110. A meeting of Directors for the time being at which a quorum is present shall be competent to exercise all or any of the authorities, powers and discretions by or under the Articles of the Company and the act for the time being vested in or exercisable by the Directors generally.

111. The Directors may, subject to compliance of the provisions of the Act, from time to time, delegate any of their powers to Committees consisting of such member or members of their body as they think fit, and may from time to time, revoke such delegation. Any Committee so formed shall in the exercise of the powers so delegated confirm to any regulations that may from time to time be imposed on it by the Directors. The meeting and proceedings of any such Committee, if consisting of two or more members, shall be governed by the provisions herein contained for regulating the meetings and proceedings of the Directors so far as the same are applicable thereto and are not superseded by any regulation made by the Directors under Articles.

112. All acts done at any meeting of Directors or of a Committee of the Directors or by any person acting as a Director shall be valid notwithstanding that it be afterwards discovered that there was some defect in the appointment of any such Director, Committee or person acting as aforesaid or that they or any of them were disqualified.

113. Except resolution which the Act requires in specifically to be passed in a Board meeting, a resolution may be passed by the Directors or Committee thereof by circulation in accordance with the provisions of Section 289 of the Act.

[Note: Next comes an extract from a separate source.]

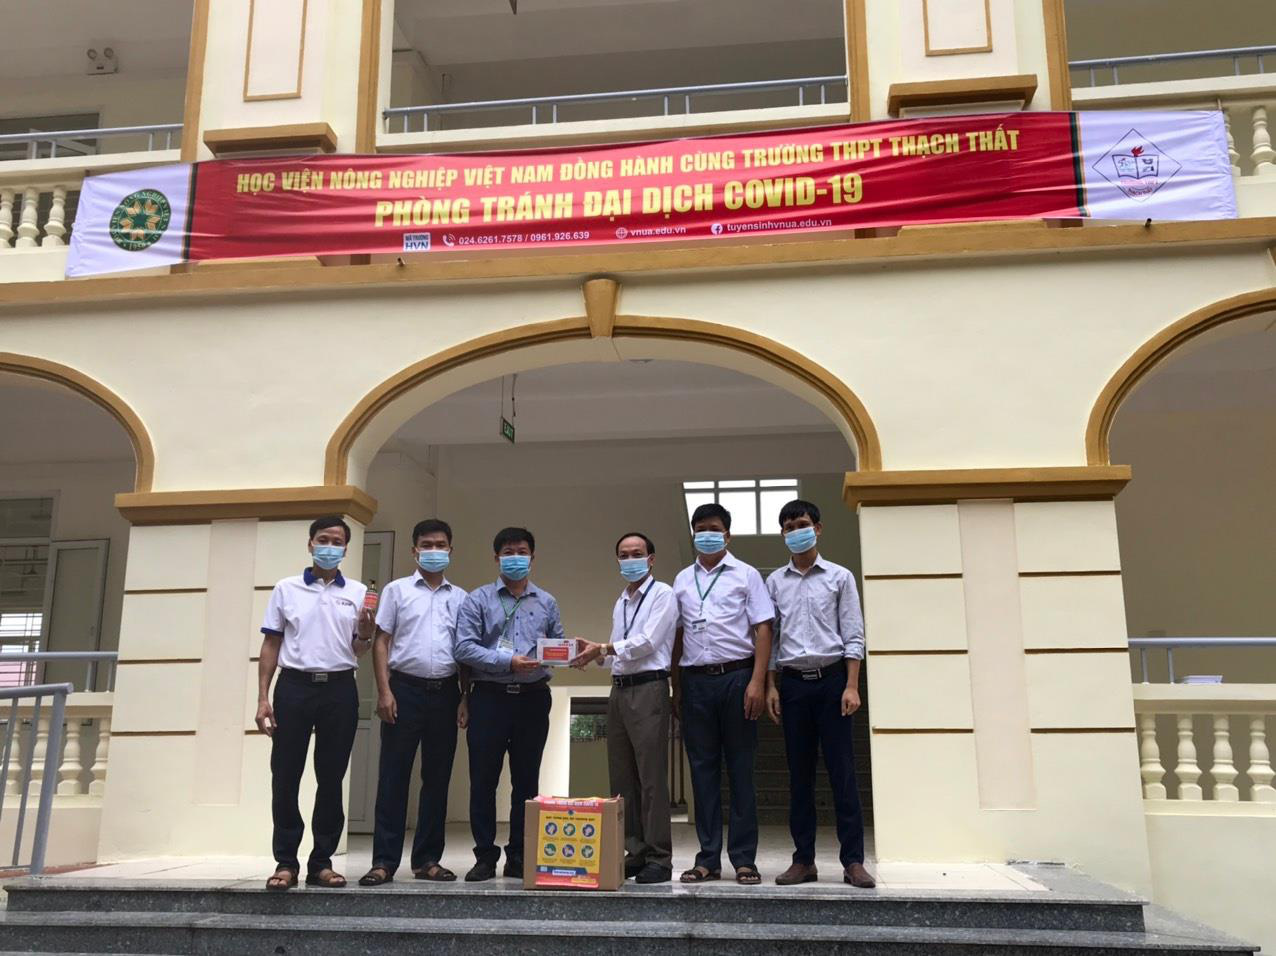 Thi tốt nghiệp THPT 2020, Học viện Nông nghiệp Việt Nam tặng 500 hộp khẩu trang, 500 chai gel rửa tay cho các sĩ tử - Ảnh 1.

And any such minutes of any meeting of Directors or of any Committee or of the Company if purporting to be signed by the Chairman of such meeting or by the Chairman of next succeeding meeting shall be receivable as prima facie evidence of the matter in such minutes.

POWER OF DIRECTORS

114. Subject to the provisions of the Act, the control of the Company shall be vested in the Directors who shall be entitled to exercise all such powers and to do all such acts and things as may be exercised or done by the Company and are not hereby or by law expressly required or directed to be exercised or done by the Company in General Meeting but subject nevertheless to the provisions of any law and of these presents, from time to time, made by the Company in General Meeting, provided that no regulation so made shall invalidate any prior act of the Directors which would have been valid if such regulation had not been made.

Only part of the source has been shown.